Loadstar is a common carrier. It is not necessary that the carrier be issued a certificate of public convenience, and this public character is not altered by the fact that the carriage of the goods in question was periodic, occasional, episodic or unscheduled. The records do not disclose that the M/V Cherokee, on the date in question, undertook to carry a special cargo or was chartered to a special person only. There was no charterparty. The bills of lading failed to show any special arrangement, but only a general provision to the effect that the M/V Cherokee was a 'general cargo carrier'. The bare fact that the vessel was carrying a particular type of cargo for one shipper, which appears to be purely coincidental, is not reason enough to convert the vessel from a common to a private carrier, especially where, as here, it was shown that the vessel was also carrying passengers.

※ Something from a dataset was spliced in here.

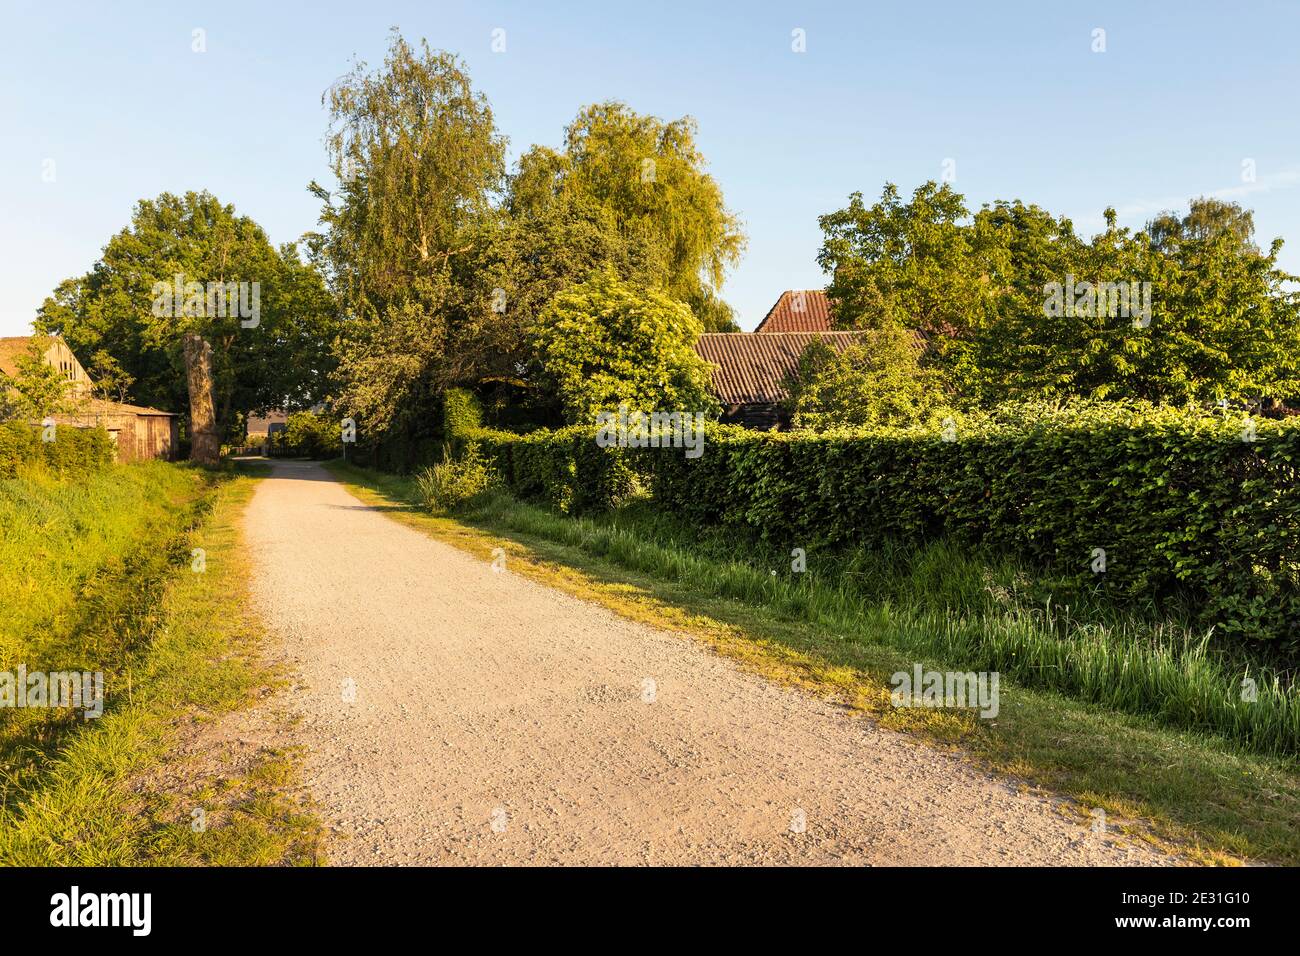 Ein Wanderweg in Eersel, einer ländlichen Gegend in den Niederlanden, umgeben von Bäumen und viel Grün. Aufgenommen an einem sonnigen Tag während des Sonnenuntergangs, wodurch ein idyllischer Scen entsteht Stockfoto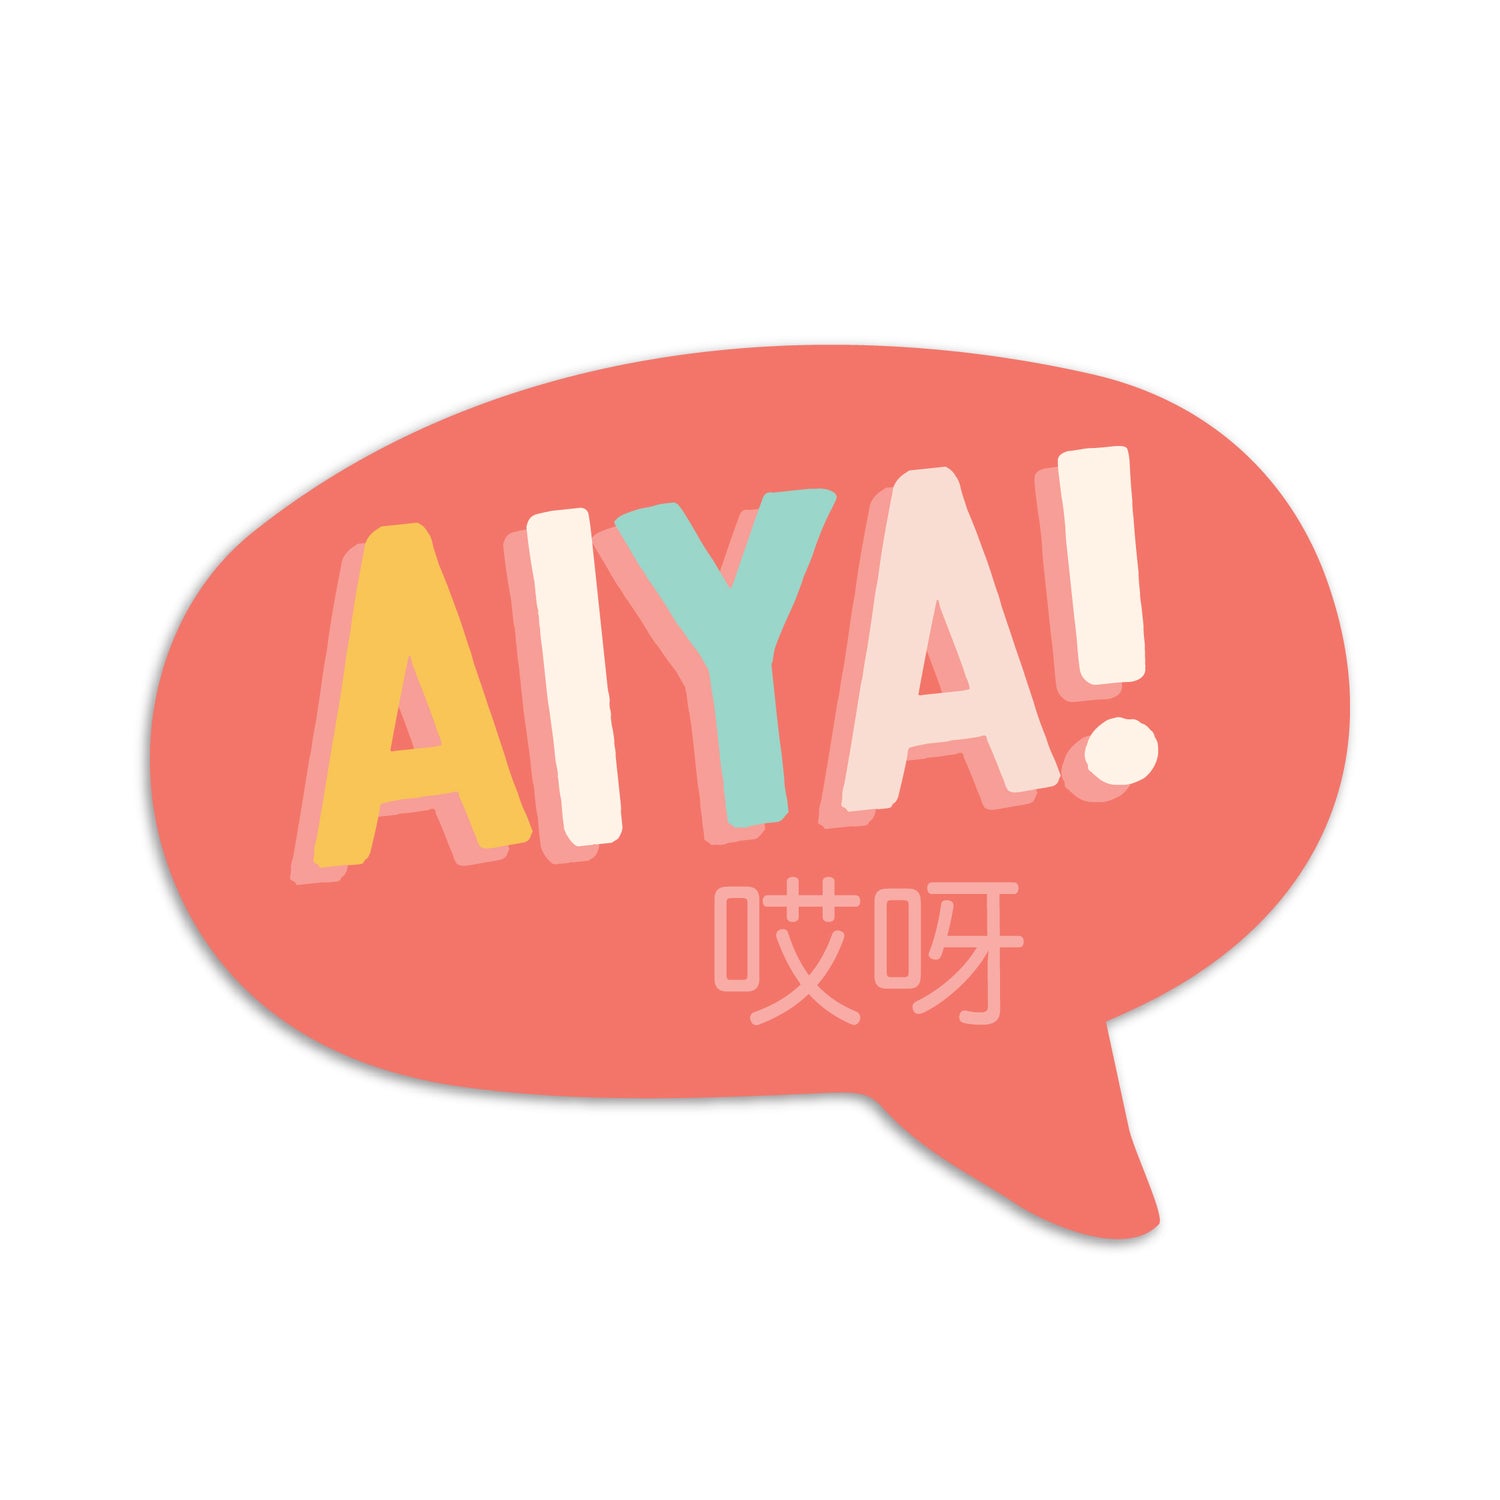 Aiya 哎呀 vinyl sticker by I&

The M/V Cherokee was not seaworthy when it embarked on its voyage on 19 November 1984. The vessel was not even sufficiently crewed at the time. For a vessel to be seaworthy, it must be adequately equipped for the voyage and crewed with a sufficient number of competent officers and crew. The failure of a common carrier to maintain in seaworthy condition its vessel involved in a contract of carriage is a clear breach of its duty prescribed in art 1755 of the Civil Code.
Neither do we agree with Loadstar's argument that the “limited liability” theory should be applied in this case. The doctrine of limited liability does not apply where there was negligence on the part of the vessel owner or agent. Loadstar was at fault or negligent in not maintaining a seaworthy vessel and in having allowed its vessel to sail despite knowledge of an approaching typhoon. In any event, it did not sink because of any storm that may be deemed as force majeure, in as much as the wind condition in the area where it sank was determined to be moderate. Since it was remiss in the performance of its duties, Loadstar cannot hide behind the 'limited liability' doctrine to escape responsibility for the loss of the vessel and its cargo.
Nor is there merit to the contention that the claim in this case was barred by prescription. MIC's cause of action had not yet prescribed at the time it was concerned. In as much as neither the Civil Code nor the Code of Commerce states a specific prescriptive period on the matter, the Carriage of Goods by Sea Act (COGSA) - which provides for a one-year period of limitation on claims for loss of, or damage to, cargoes sustained during transit - may be applied suppletorily to the case at bar. This one-year prescriptive period also applies to the insurer of the goods: see Filipino Merchants Insurance Co Inc v Alejandro, 145 SCRA 42 (1986). In this case, the period for filing the action for recovery has not yet elapsed. Moreover, a stipulation reducing the one-year period is null and void; it must, accordingly, be struck down.